Namun anggapan yang muncul dari teman-temannya itu menjadi motivasi bagi Andika untuk menjadi orang besar kedepannya, dan dia memulai dengan melabeli nama Sakai.
Hingga akhirnya dia dikenal sebagai aktivis di Pekanbaru dengan nama “Andika Sakai”.
“Saya ingin membuktikan bahwa orang Sakai juga berhak sejahtera, orang Sakai punya hak yang sama, walaupun populasi kami sedikit,” tegasnya.

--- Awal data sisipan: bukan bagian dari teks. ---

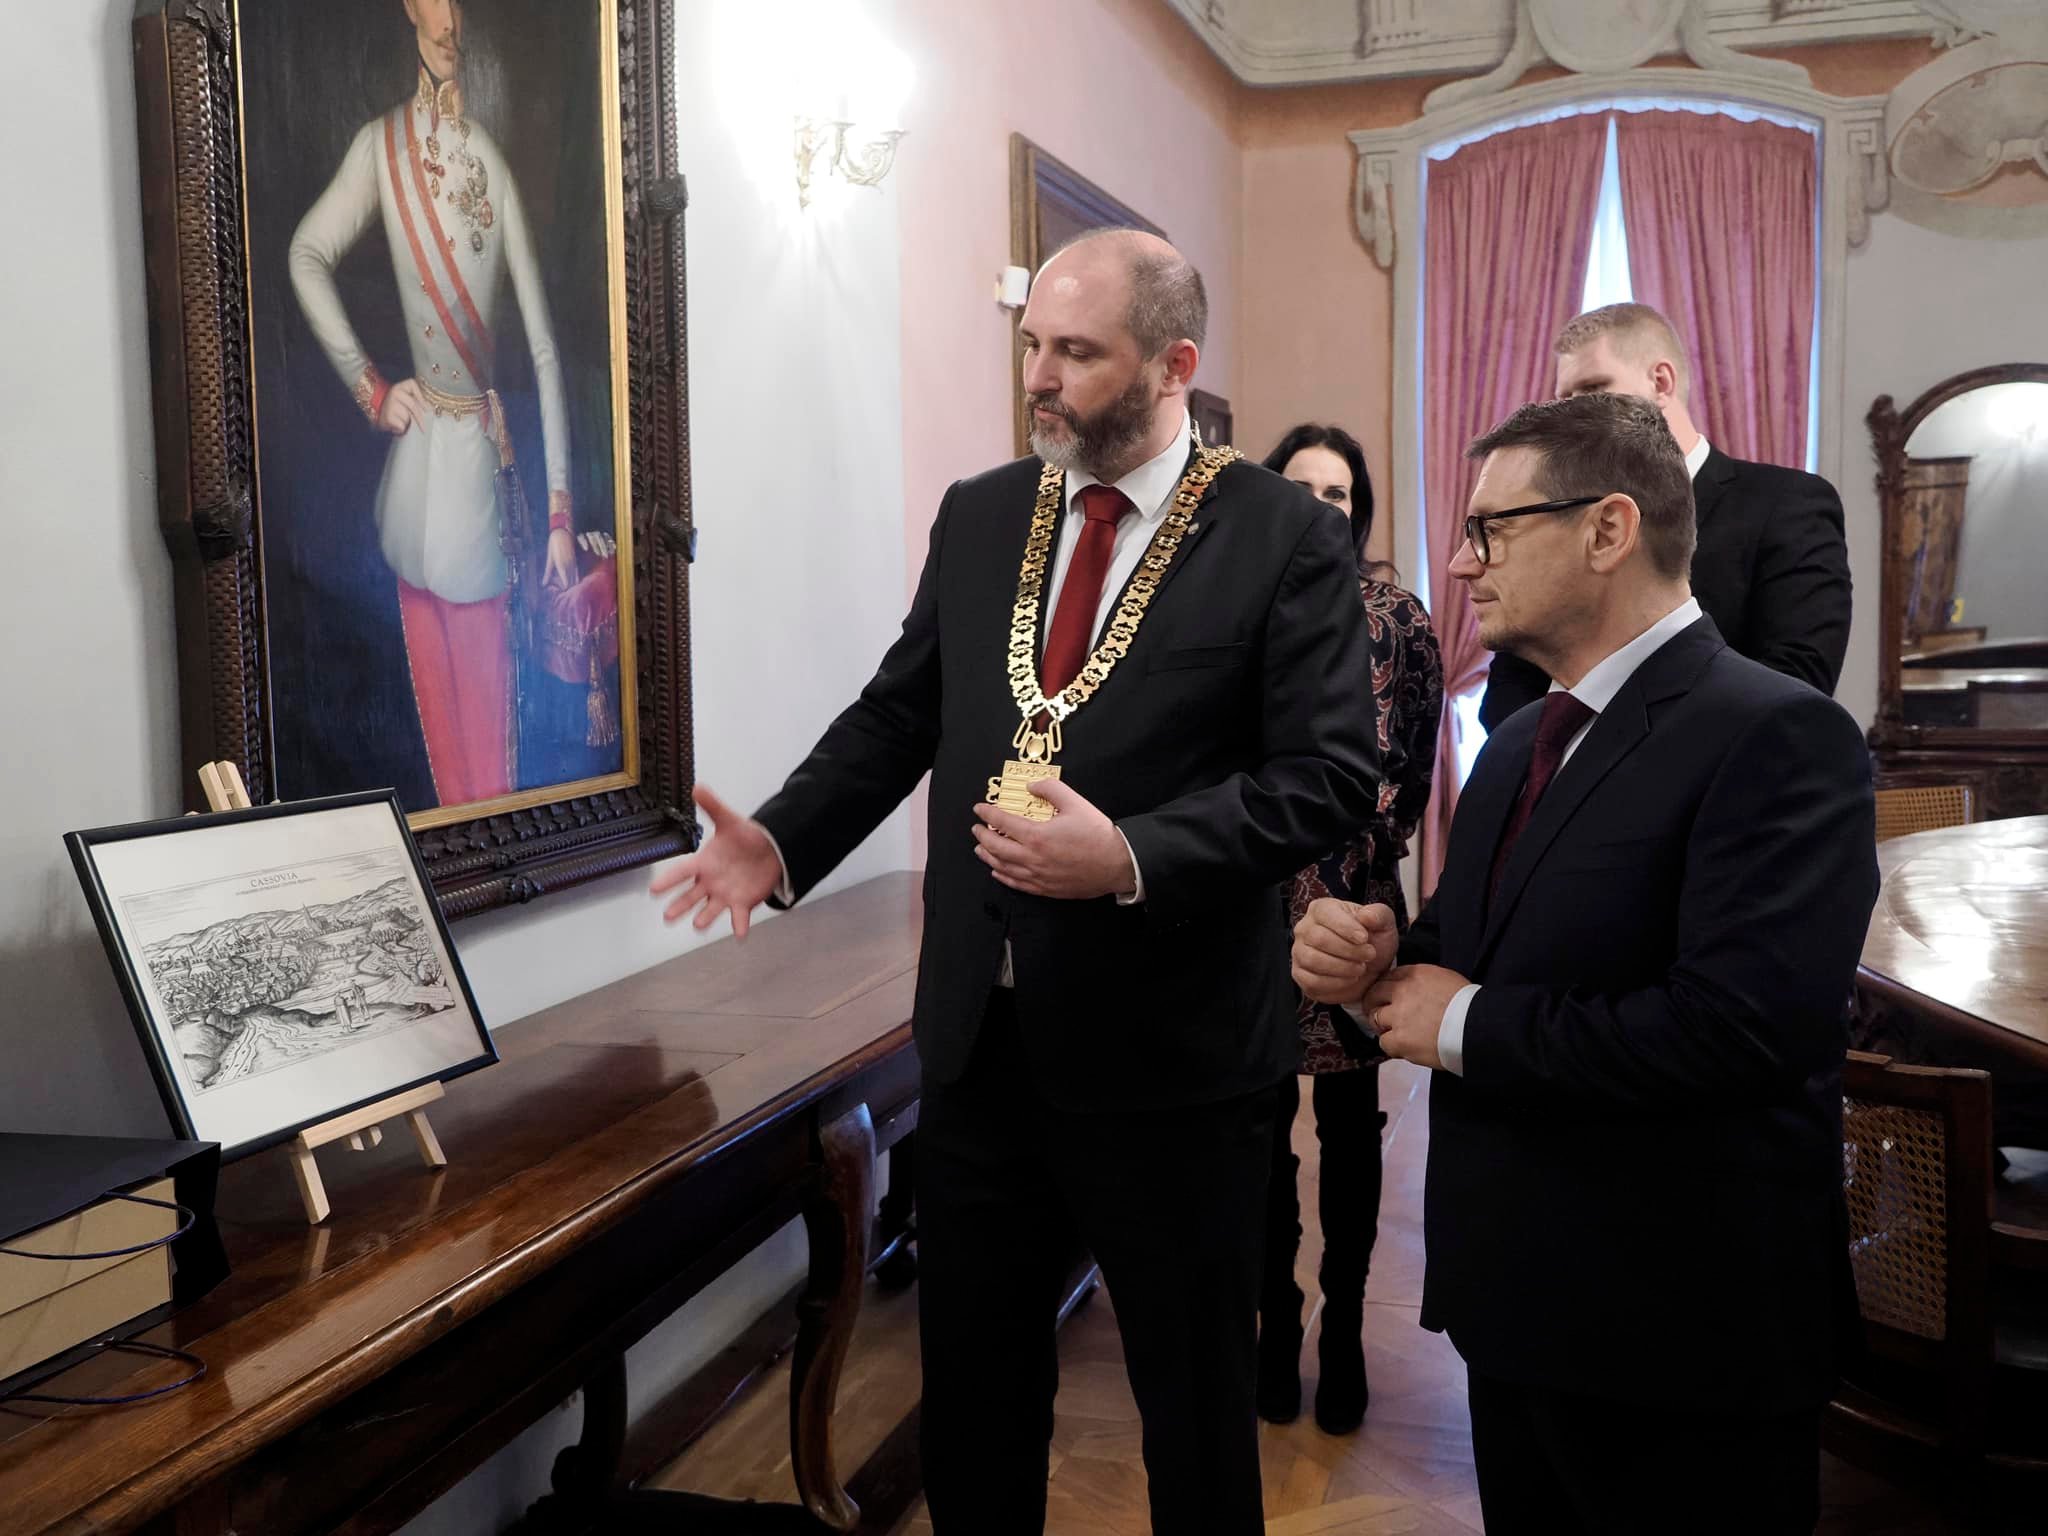 Polaček rokoval s primátorom Prešova o vzájomnej spolupráci a zvládaní krízy

Tepatnya di tahun 2016, masyarakat Sakai berbenturan dengan PT Ivo Mas di Kecamatan Kandis, Kabupaten Siak. Dia langsung menggalang kekuatan untuk membuat gerakan.

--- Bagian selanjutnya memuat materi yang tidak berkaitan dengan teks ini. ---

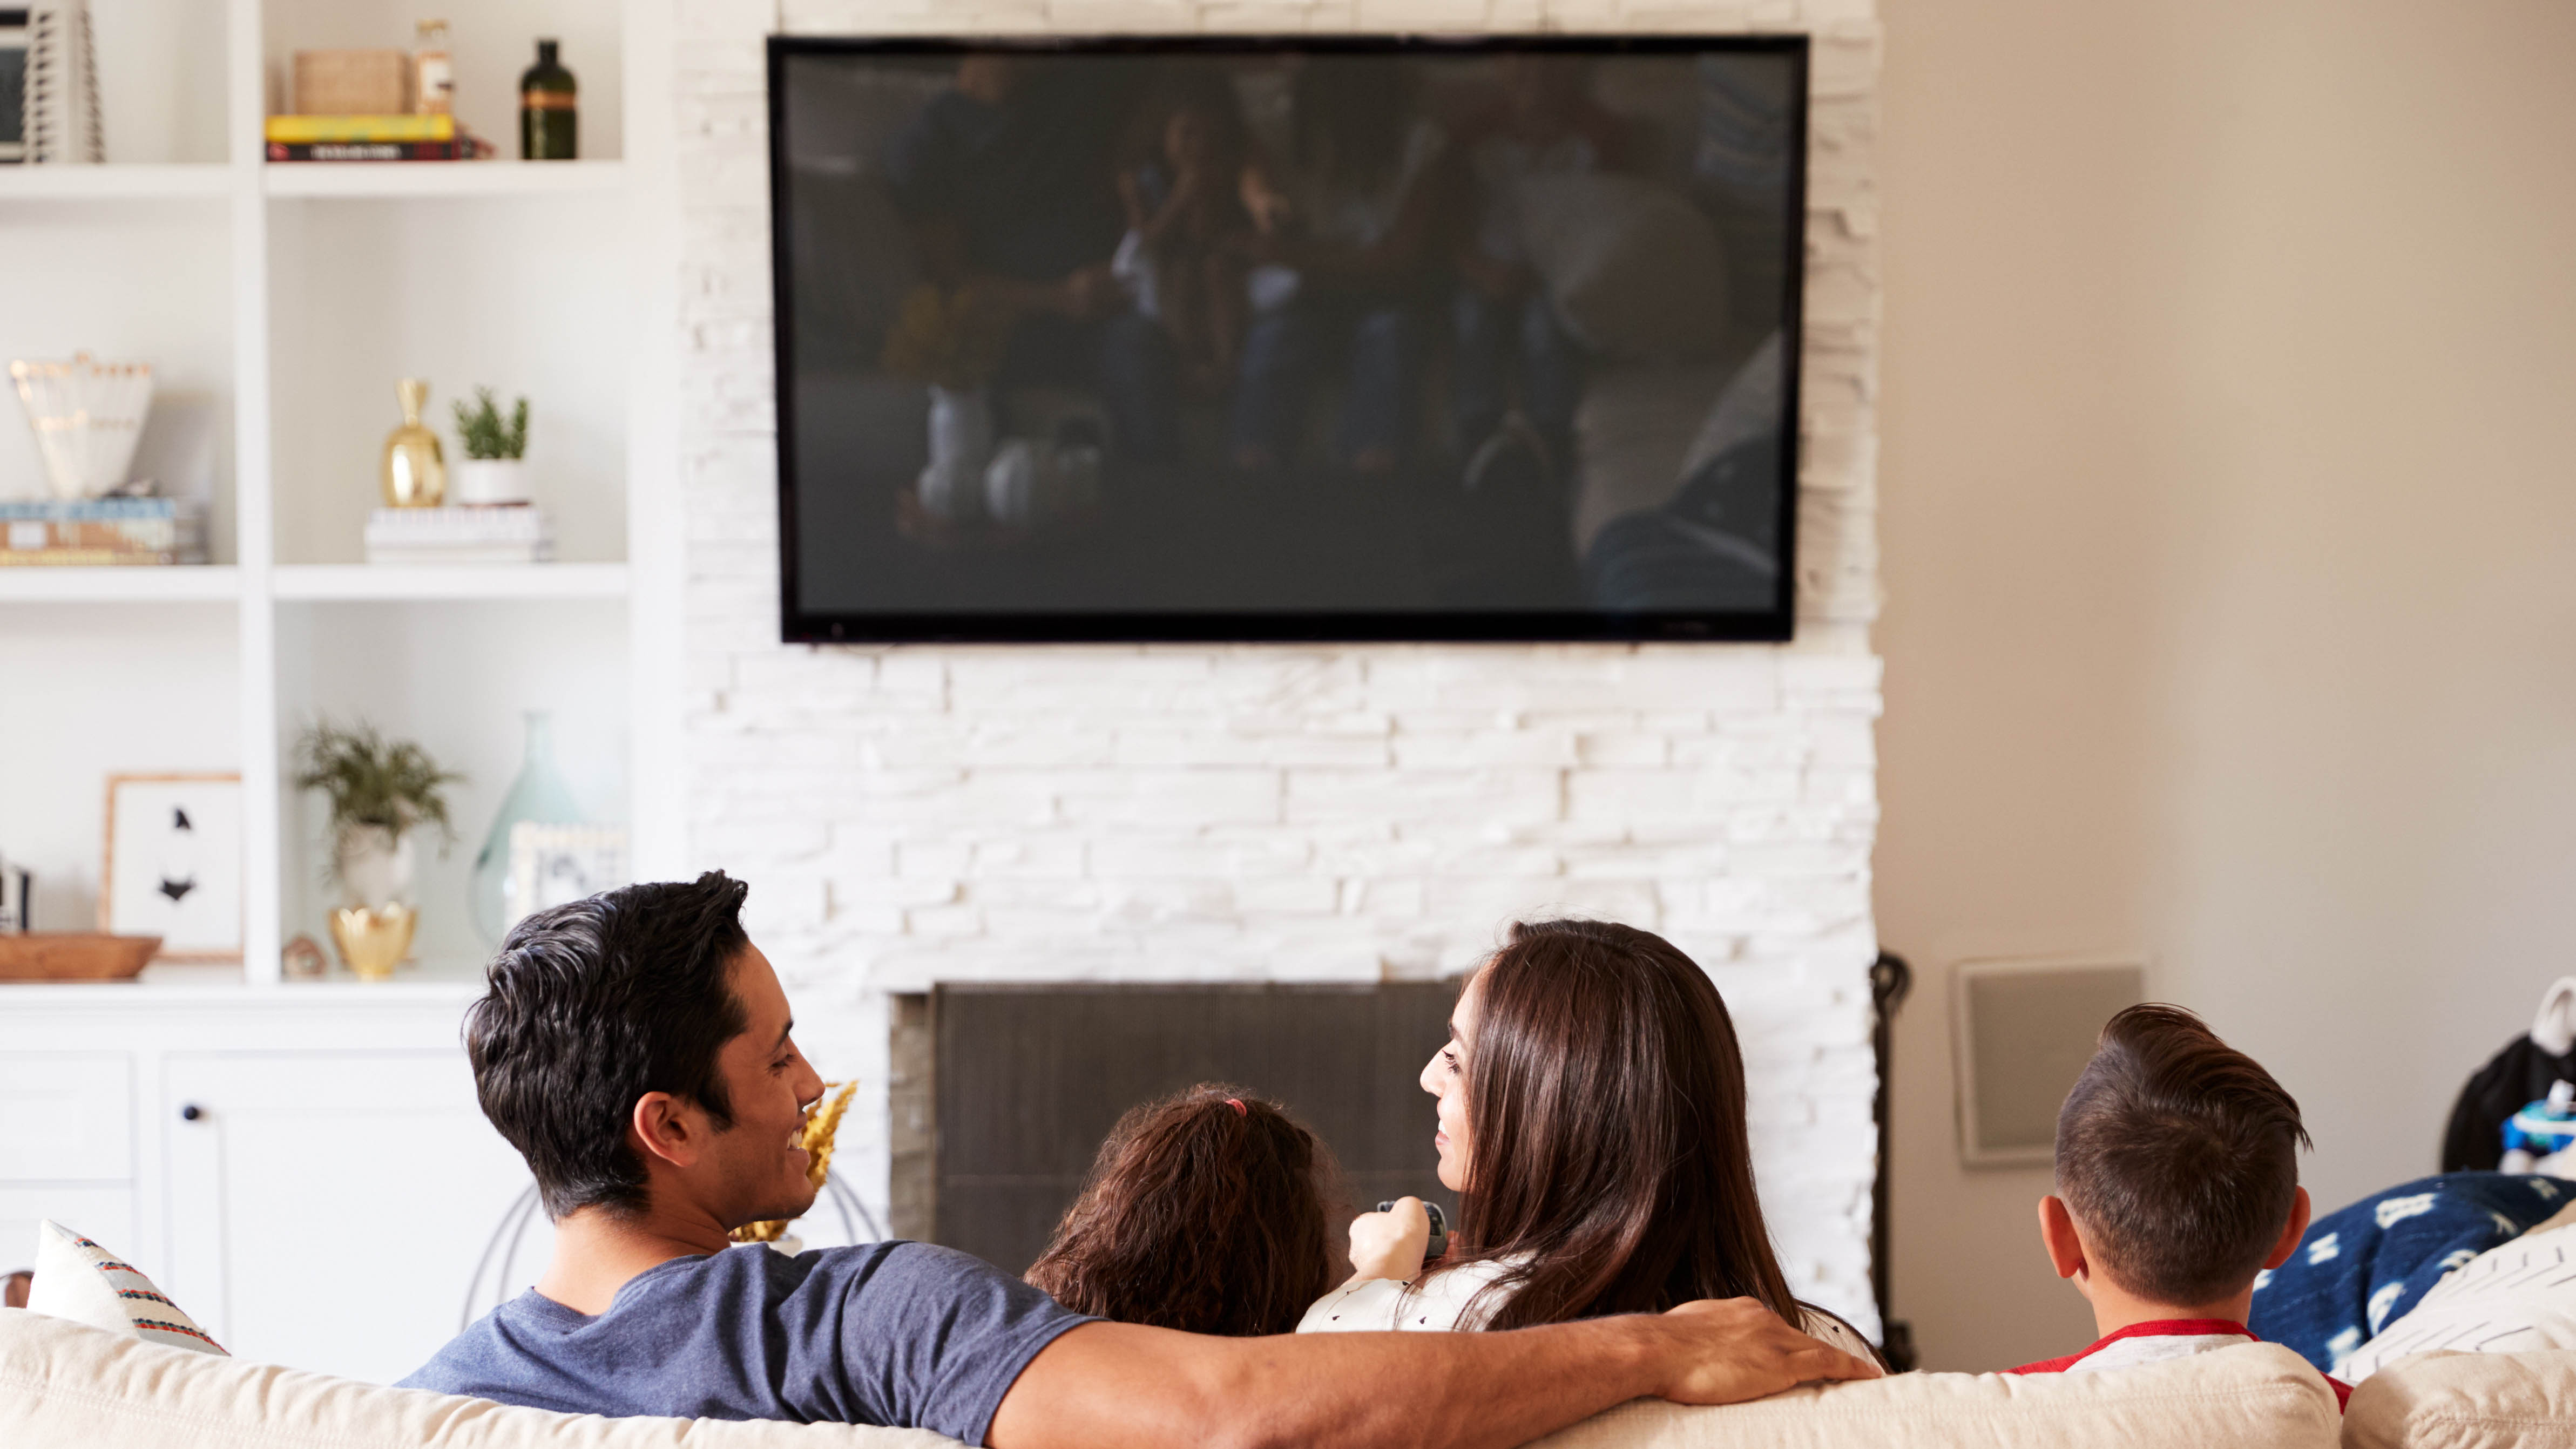 צפייה משפחתית בטלוויזיה תלויה על הקיר

“Ya namanya melawan perusahaan tentu kita sangat lemah, tapi dari sana saya memulai berbagai gerakan membela Suku Sakai, baik yang ada di Kabupaten Siak, Kabupaten Bengkalis dan Kota Dumai,” terangnya.
Pergerakan itu dimulai Andika dengan memberi pemahaman kepada orang Sakai bahwa hanya orang Sakai lah yang harus memperjuangkan nasibnya sendiri.
“Kalau bukan kita yang memperjuangkan hak orang Sakai, siapa lagi yang akan peduli, mau sampai kita ditindas, kita ini pemilik tanah ulayat. Dari sana orang Sakai tak diremehkan lagi, dan beberapa kali gerakan kita berhasil, sehingga berdampak pada kesejahteraan orang Sakai, dan perjuangan akan terus saya lakukan,” ujarnya.
*Sadar Penting Berpolitik, Hingga Akhirnya Jadi Calon Wakil Bupati Bengkalis*
Andika menyadari, sekuat apapun dia menggalang kekuatan untuk membela masyarakat, khususnya Suku Sakai, tidak akan ada apa-apanya jika tidak ada campur tangan pemerintah.
“Dan jalan terdekat adalah dengan masuk di kompetisi politik, dan saya mulai mendaftar sebagai Caleg di tahun 2019,” katanya.
Namun perjuangan Andika di Pileg 2019 belum berhasil karena saat itu partainya, Nasdem, gagal meraih kursi di Dapil Batin Solapan. Hanya kalah 35 suara dari PKB. Padahal waktu itu, dia meraih suara pribadi mencapai 1200an.
“Ya mungkin waktu itu kondisi keuangan saya jauh lebih rendah dibanding Caleg dari partai lain, sehingga saya gagal,” tuturnya.
Meski begitu, perjuangan Andika tidak berhenti disitu, dia tetap memperjuangkan nasib masyarakat kecil yang ditindas oleh perusahaan.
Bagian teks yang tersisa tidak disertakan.